If you’re asked to calculate the number of stereoisomers a compound forms in the exam, you’ve got 2 choices: either do it the long way round and draw them all out until you’re convinced you’ve got them all, or you can follow this quick tip that will allow you to calculate it in 2 seconds flat.
Before I teach you the tip, we need to revise stereoisomers.
What are stereoisomers?
Stereoisomers are compounds that have the same structural formula but a different arrangement in space. In order to form stereoisomers, a compound needs to have a carbon-carbon double bond (and each carbon needs to have 2 different groups), a chiral centre (a carbon with 4 different groups), or both of these structures. Stereoisomers formed by compounds with a c=c are referred to as geometrical isomers (or E/Z isomers, or cis-trans isomers) and stereoisomers formed by compounds with a chiral carbon are optical isomers.

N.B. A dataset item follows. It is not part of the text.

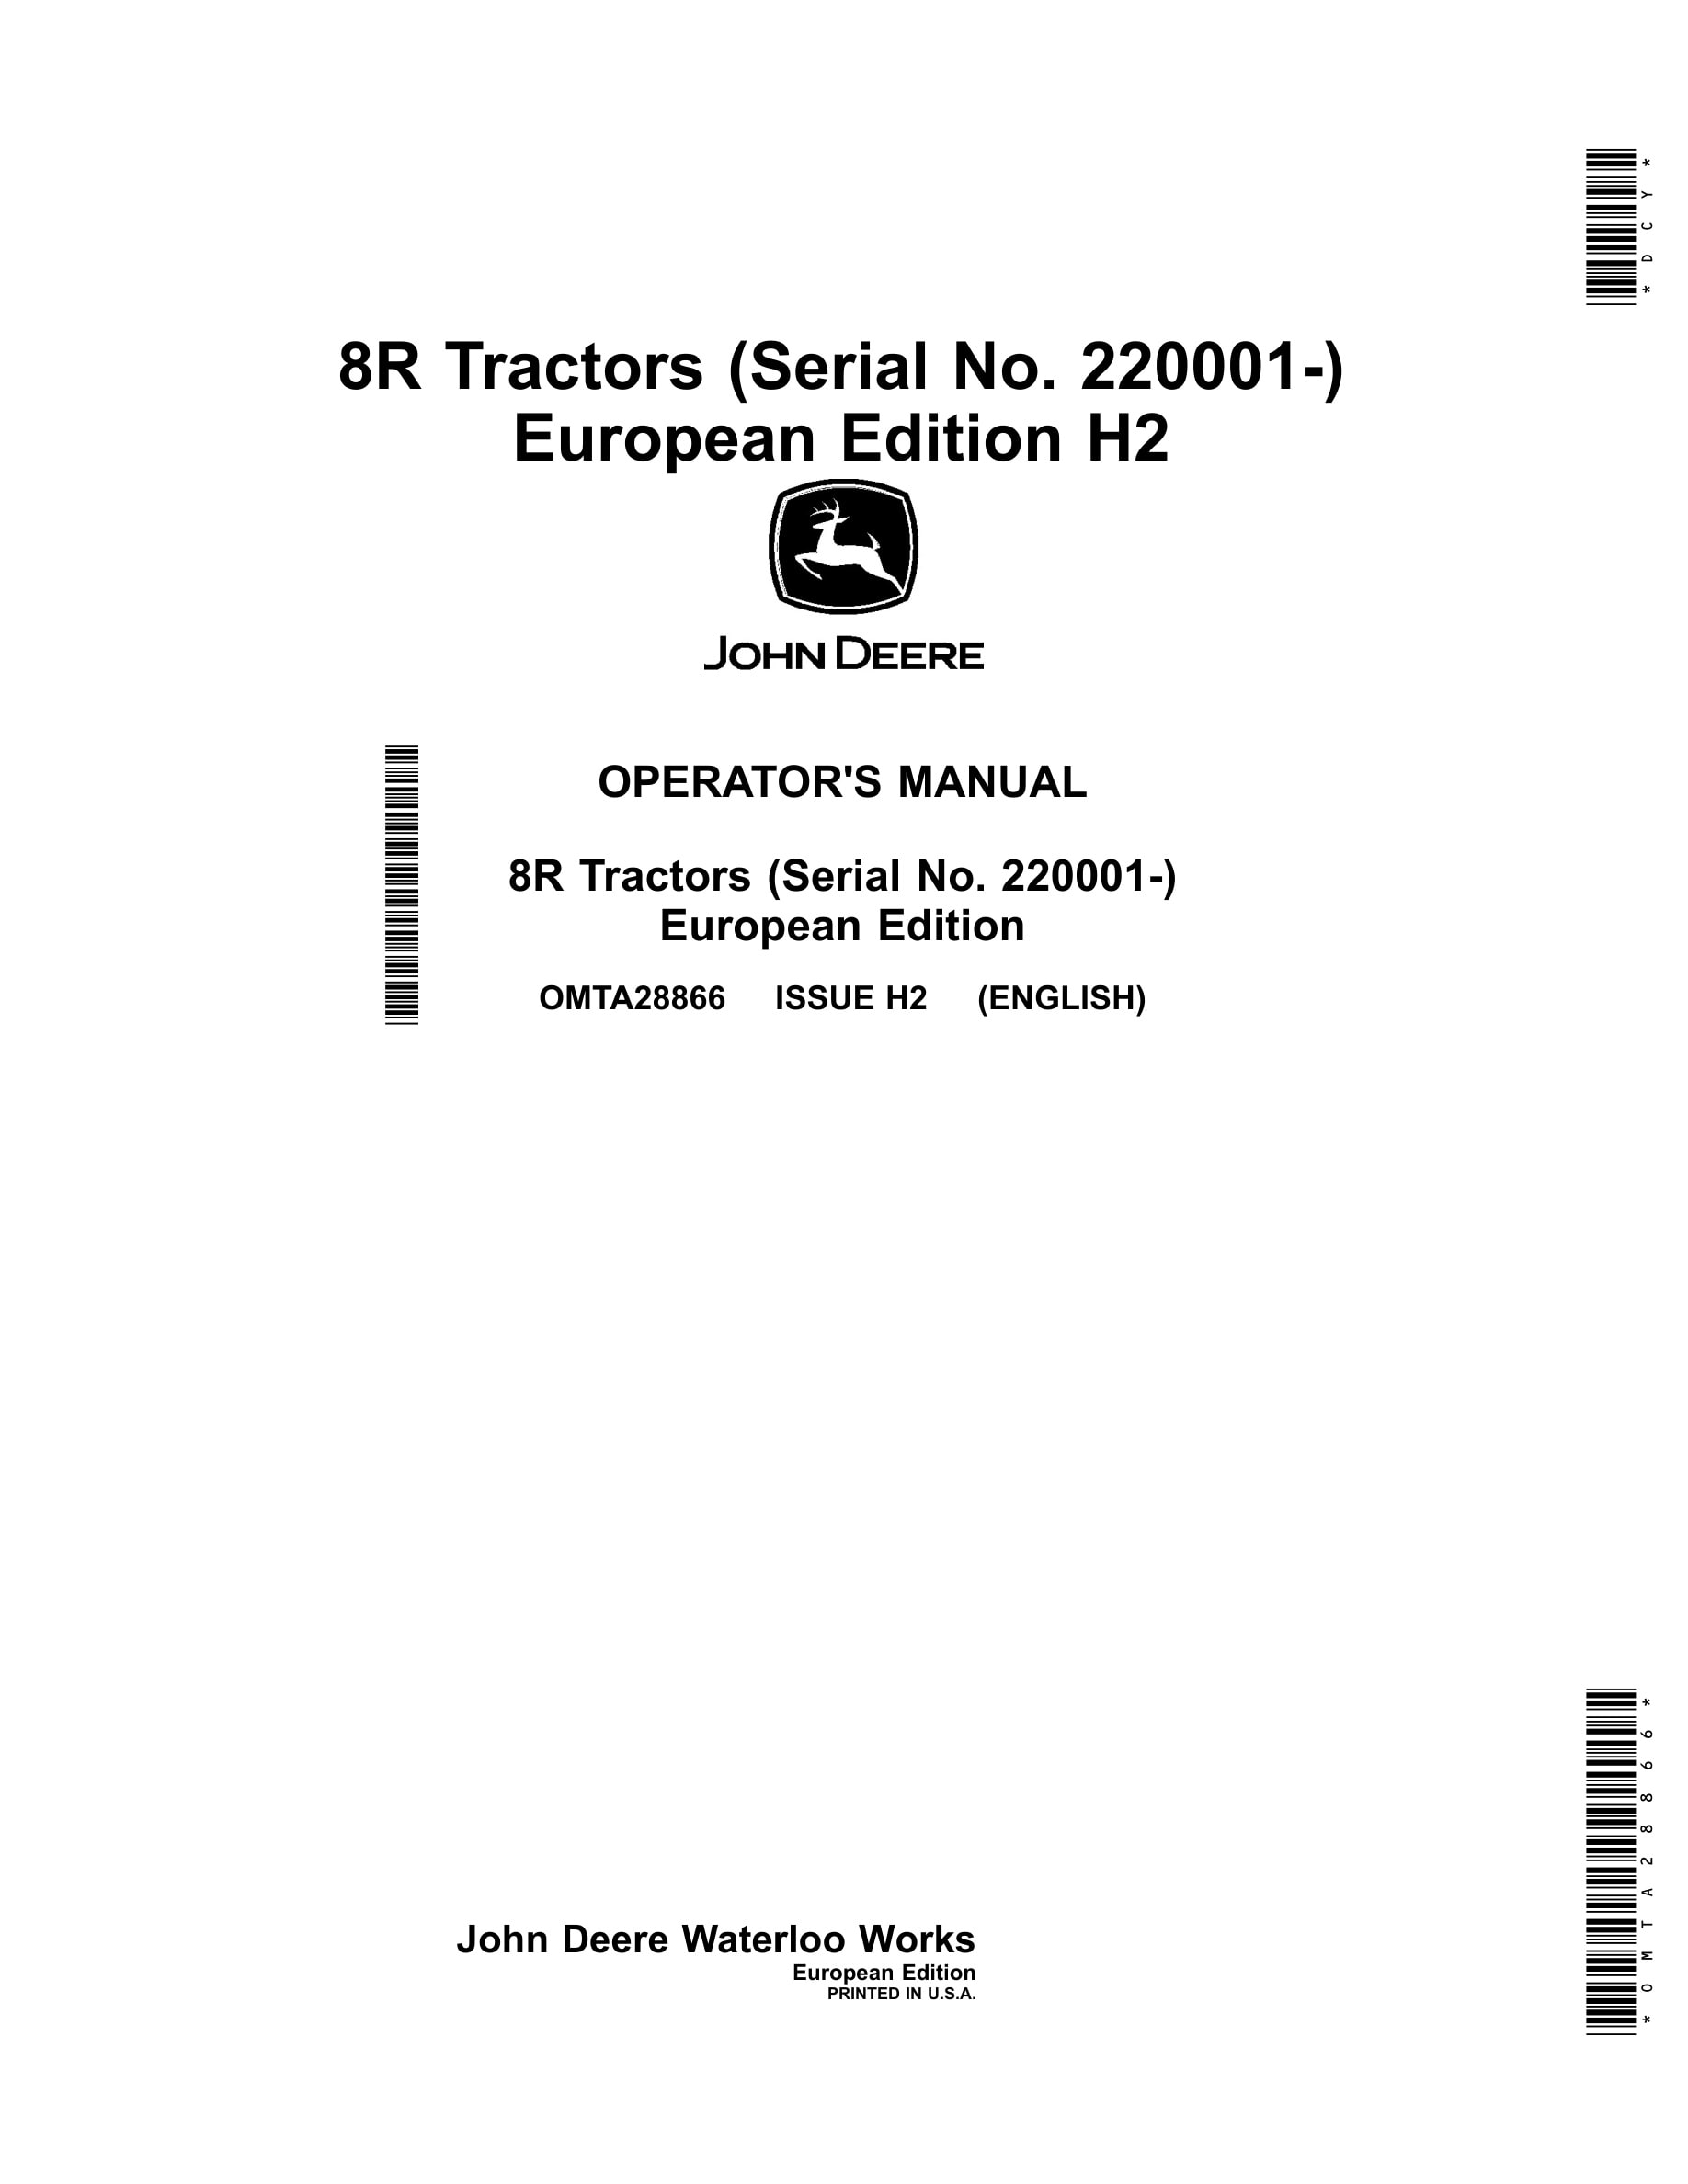 John Deere 8r Tractors Operator Manuals OMTA28866-1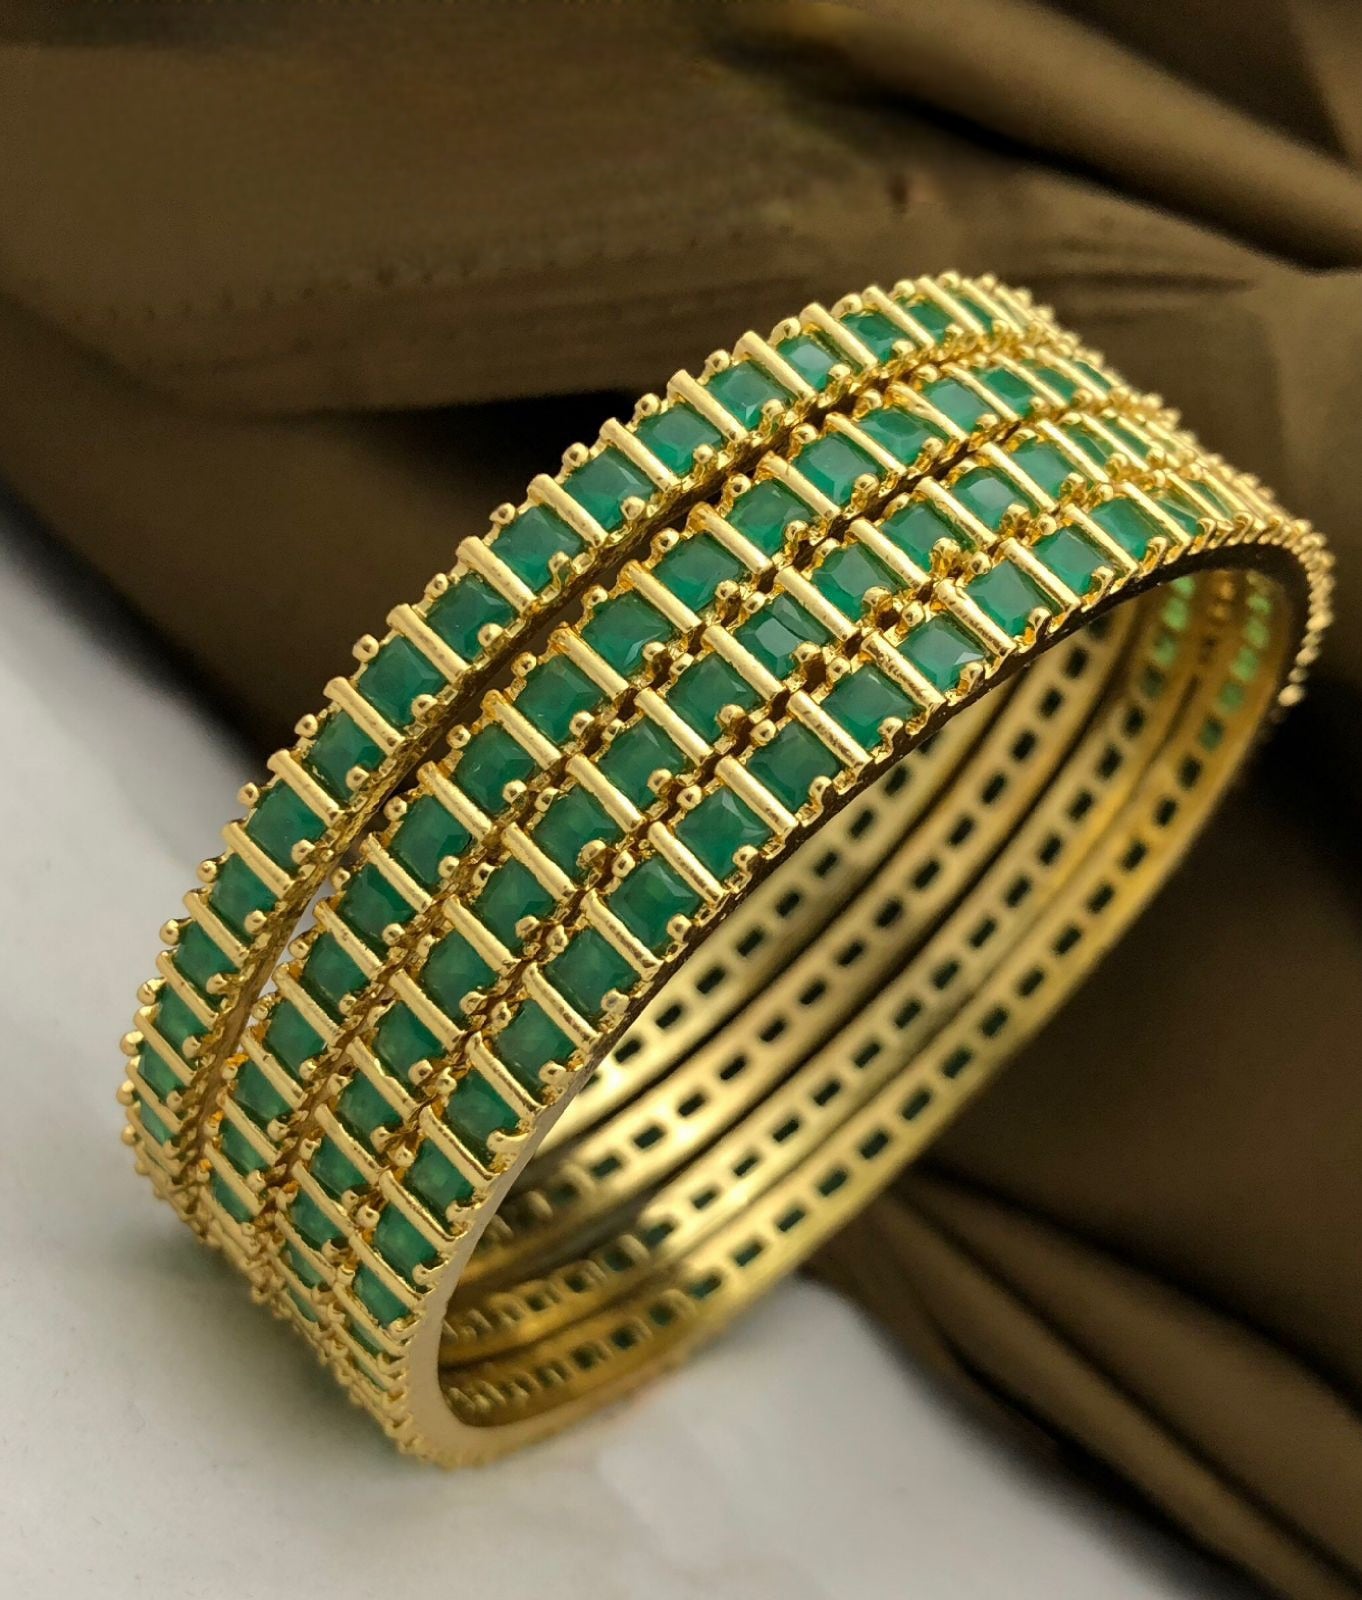 American diamond bangles set | Gold Plated Indian Bridal Bangle set of 4 | Ruby Emerald cz bangles | Daily wear one gram gold bangles

Calculate the number of stereosiomers without drawing them all out
To quickly calculate the number of stereoisomers, you can use this formula:
The number of stereoisomers = 2ⁿ, where n is the number of c=c &/or chiral carbons.
For example, if you have a compound that has 3 c=c (where all of the double-bonded carbons 2 different groups each) n = 3. This means the compound will have 3 stereoisomers (2³ =8).
And if your compound has 1 chiral carbon and 1 c=c (each carbon has 2 different groups) n is 2, so the compound forms 4 stereoisomers.
This tip couldn’t be simpler, but as you can see, you need to make sure you’ve correctly worked out how many chiral carbons and relevant c=c you have. You’re likely to find it easier if you have the displayed formula, so if they’ve given you anything else (structural formula, skeletal formula 😱 etc.) it’s worth taking the time to draw our the displayed formula.